Programa detecta vírus que não existem no sistema para forçar a vítima a comprar a licença e obter a “solução”.

Uma nova versão do falso antivírus FakeXPA engana o usuário e simula a interface gráfica do AVG 2011. A descoberta foi feita pelo Centro de Proteção de Malwares da Microsoft nesta segunda-feira (31).

O programa fraudulento identifica códigos maliciosos que na realidade não existem no PC da vítima e em seguida cobra do usuário para poder “solucionar” o problema. A semelhança com o antivírus da AVG vai do logotipo às janelas do programa – semelhança que poderia render aos criadores do software processos por uso indevido da marca.

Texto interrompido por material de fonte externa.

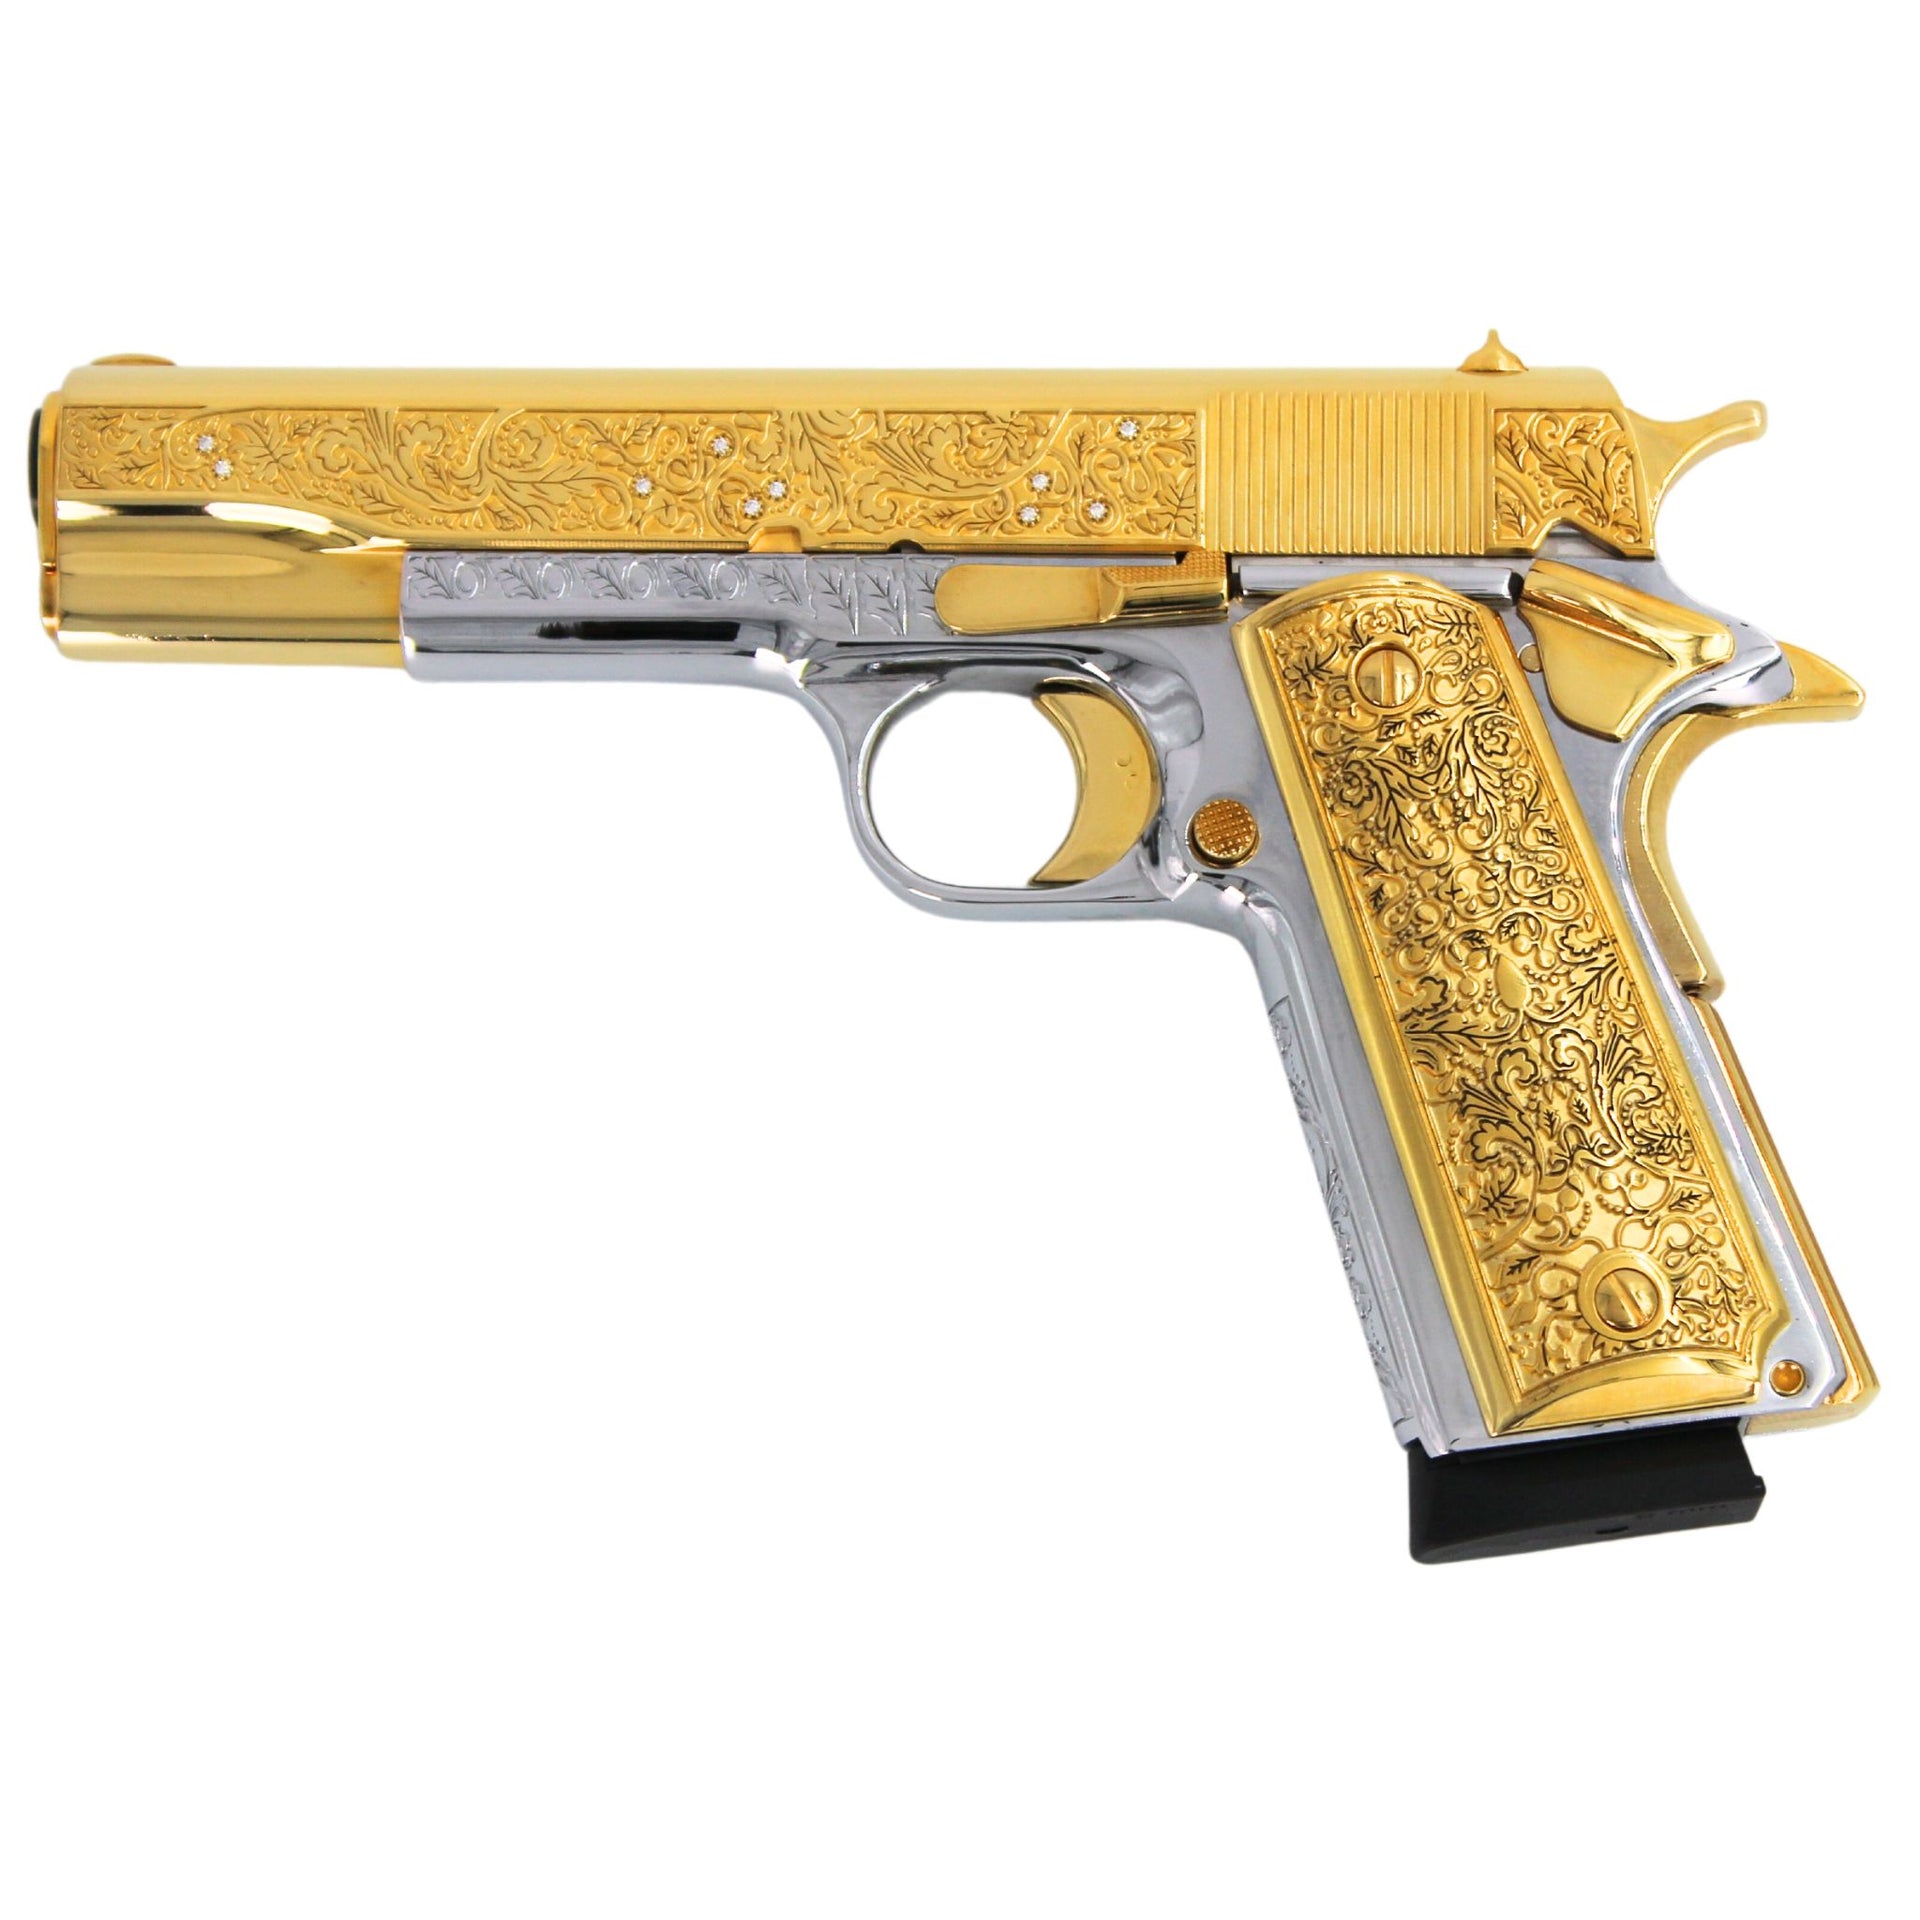 Rock Island 1911 Standard FS, 45 ACP, Vine and Berries with Diamonds, 24 karat Gold plated and High Polished White Chrome, SKU: 7010461778022,  Gold Gun,  Gold Firearm, Engraved Firearm

Segundo um estudo do Google apresentado em um seminário na Califórnia, os falsos antivírus representam 15% dos softwares maliciosos na web e são distribuidos por mais de 11 mil sites. Os programas oferecem licenças de uso por preços convidativos e até suporte on-line para enganar as vítimas. Um levantamento do FBI apontou que golpistas desse ramo faturaram 150 milhões de dólares em 2009.

Diferentes softwares fraudulentos são encontrados toda semana por especialistas, mas é a primeira vez que o golpe faz uso do logotipo de um programa legítimo.